The Boston Diaries

The ongoing saga of a programmer who doesn't live in Boston, nor does he even like Boston, but yet named his weblog/journal “The Boston Diaries.”

Go figure.

Tuesday, May 29, 2007

This is what I get for trying to prove to myself that I'm not lazy.

You know, I thought, I'll get gas later. I get gas at Costco, and while Costco is on the way to Boca Raton, right on the corner of Lantana Road and I-95, it's not on the way. You have to turn left off Lantana onto a side street, then enter Costco on one corner of the lot. The gas station, however, is on the opposite corner of the lot, which requires some deft navigation, since the law in Florida is that “thou shalt make a labyrinth of thy parking lot.” Then the same deft navigation to get out of the Costco lot, back on the side street, then a left onto Lantana Road and an immediate right onto I-95. It's too much of a pain, I thought.

Then another thought from some other part of my brain forced its way to center stage: Boy, are you lazy. And because of that thought, I thought You know, you're right! Just for that, I will get gas!

So I turned onto the side street, into the Costco lot, deftly navigated my way to the opposite corner through a crowded parking lot only to find the lines at the gas station wrapping back around the main Costco building. It was like 1973 all over again.

Screw this, I thought, I'll get gas later as I turned around amidst blaring horns in an attempt to deftly navigate through the Costco lot to the exit.

I then mentally beat up that part of the brain that called me lazy.

Finally on my way to Boca Raton, I noticed that the traffic today was unusually heavy, especially given the time of day. What? I thought. Don't these people have jobs? Now I realize that Florida is one of the major tourist attractions in the United States, but Tourist Season™ is well past and now we're getting to late spring, early summer, when the alligators start to sweat. A tourist with any brains whatsoever should have left a long time ago.

What gives?

A frightening minor epiphany on computer user interfaces

But most systems these days are not designed with linguistic operation in mind. If you have to manipulate the same stuff in the same order every day, you'd welcome being able to reduce that to a single line command (or even batch script) You'd take the effort to learn.

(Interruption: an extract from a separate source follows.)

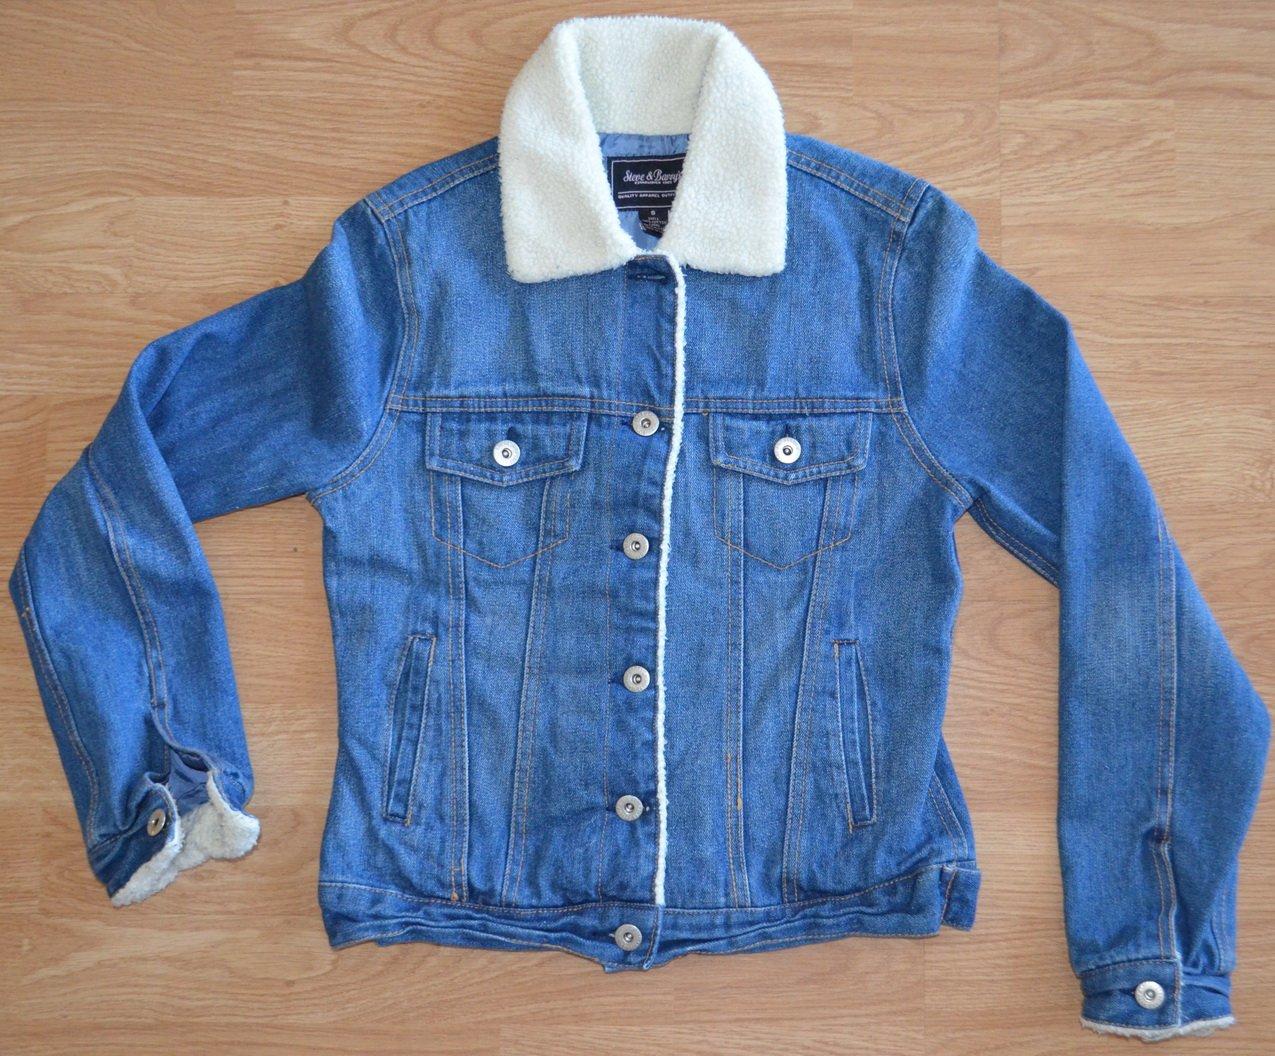 N969 Women's jacket STEEVE & BARRY'S size S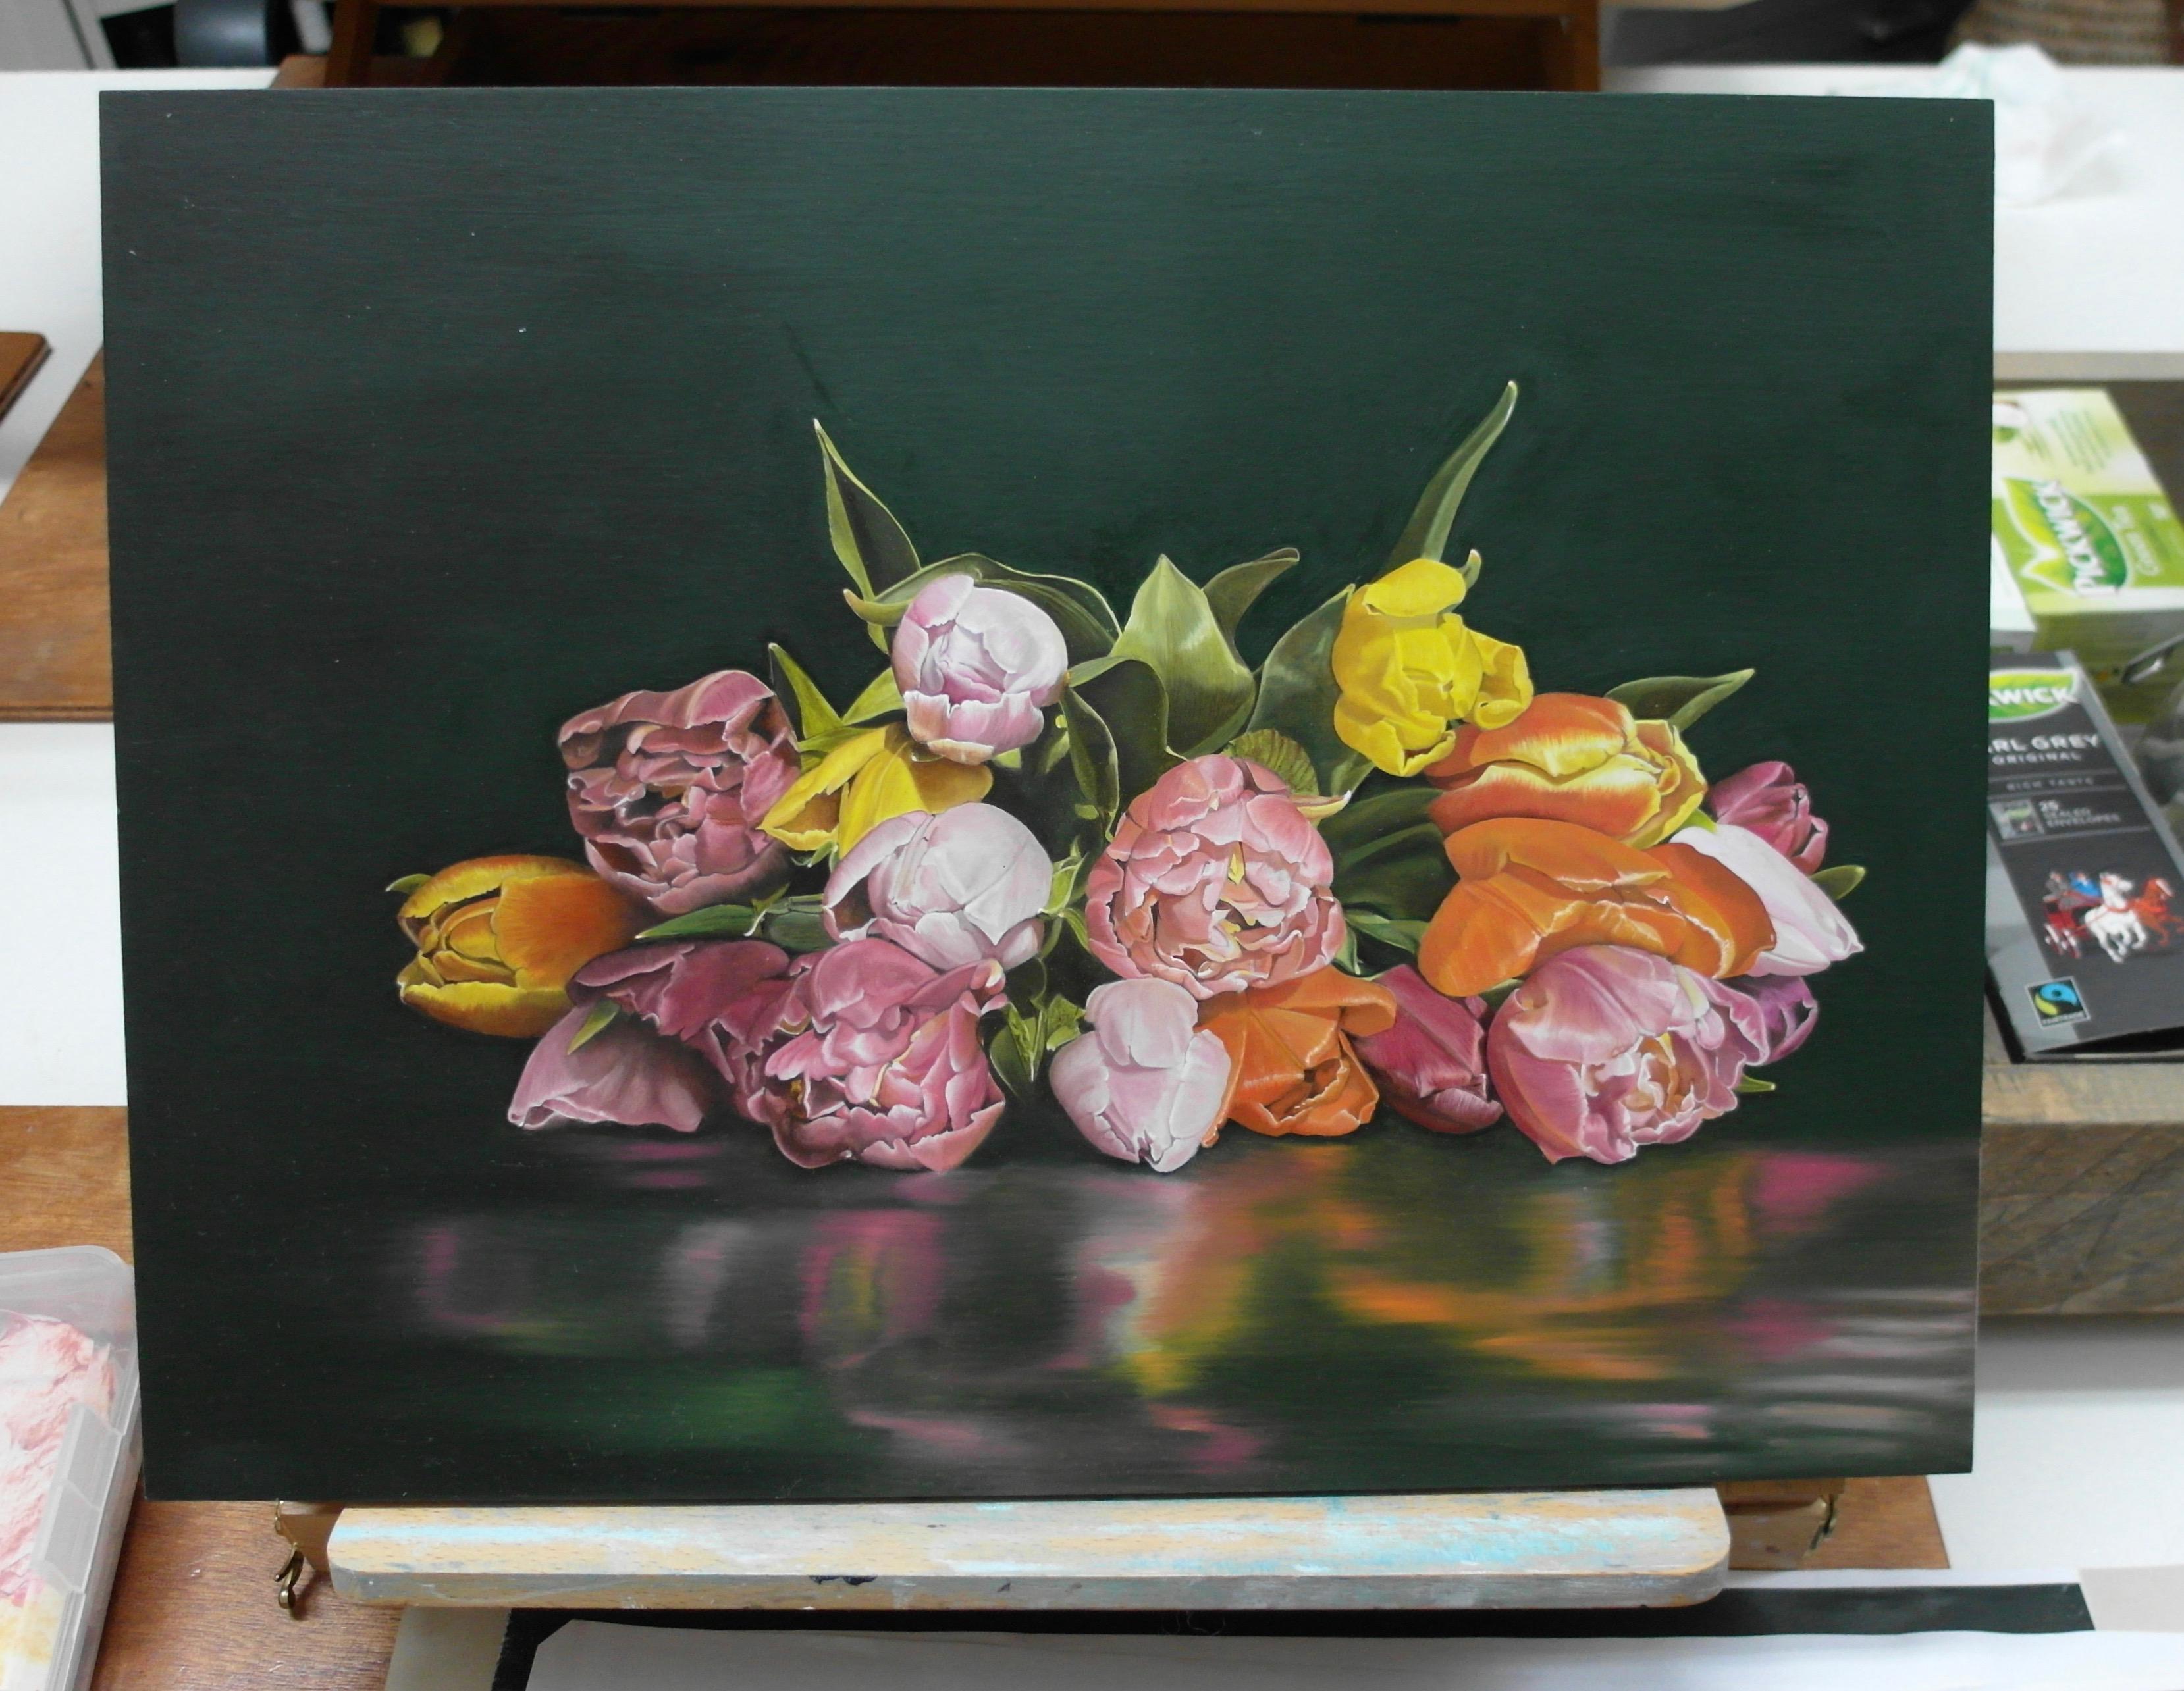 Vrijdagochtend/Manon Babtist/Eigen Compositie/Schilderij inmiddels gereed voor expositie.

The Return Of The Command Line

I had a minor epiphany when I read that, one that put (shudder) control panels into a new light. I'm still pondering the implications of said minor epiphany, but to quickly get it out: the GUI (and (shudder) control panels by extension) were created to give the end user a consistent, simple and largely non-abstract metaphore for using the computer, but more importantly, one that promotes a shared environment between users (I'm flying blind here, trying to get this out, and “shared environment” isn't quite the right word, but it's close enough for now). By that, I mean that Alice can sit down at Bob's computer and still manage to interact with it without problem.

One could argue that a command line is just as “sharable” an experience as a GUI, but in my experience, it isn't.

Back in FAU, I knew a guy that littered his Unix account (a command-line account, by the way) with scores of shell scripts (“batch scripts”) to do all sorts of things. And these weren't large shell scripts either—they were all one or two line scripts that did stuff like, oh, list the contents of the temporary directory, or search through all files for a particular term and have the output paged. But it wasn't like I couldn't use his environment (say, he asked me for some help) as I could just bypass his score of “commands” for the more tranditional ones one finds under Unix, but our common language wasn't there. He'd type in one of his “commands” and I would have no idea what exactly it did. I would type out a rather long command line, piping the data between Unix commands, and he would look at me like I was crazy for doing all that typing.

It's hard to say it was a culture clash, since we were both “using” Unix, but it was certainly a style clash.

And this “cultural” or “style” difference bit me again years later when Smirk was hired to run a small ISP, and I tagged along as “Unix Sysadmin.” The previous sysadmin wrote extensive scripts to manage the systems in question, and left precious little documentation. These scripts often massaged critical configuration files, and the actual “master” copy was stored somewhere else on the system (most of the time, in the old sysadmin's home directory). Often times I would fix something only to have it break when one of his scripts ran (through cron, or by one of the remaining tech support crew).

In other words, while I developed one way of “talking Unix,” the guy in college developed another way of “talking Unix” and the previous admin of the ISP developed yet a third way of “talking Unix.” And none of us got along (so to speak). This “cultural divide” wasn't on the order of, say, the Queen's English vs. American English, but more like the divide between American English and Bavarian German—the roots are the same, but you'd hardly know it—dialect continuum in the extreme.

GUIs, on the other hand, restrict the language available to the user, thus enforcing an interactive conformity—much like L'Académie française does for the French langauge (or rather, tries to do). It's not so much about enhancing productivity as it is usability in general (or communication, take your pick).

This minor epiphany is actually frightening to me, because looking over my history here, I've decried the language drift and incomprehensibility occuring between hard core Unix users, as well as decried (over and over again, ad nauseam) control panels for restricting how I can interact (and fix usually) the computer.

And like I said, I'm still pondering this.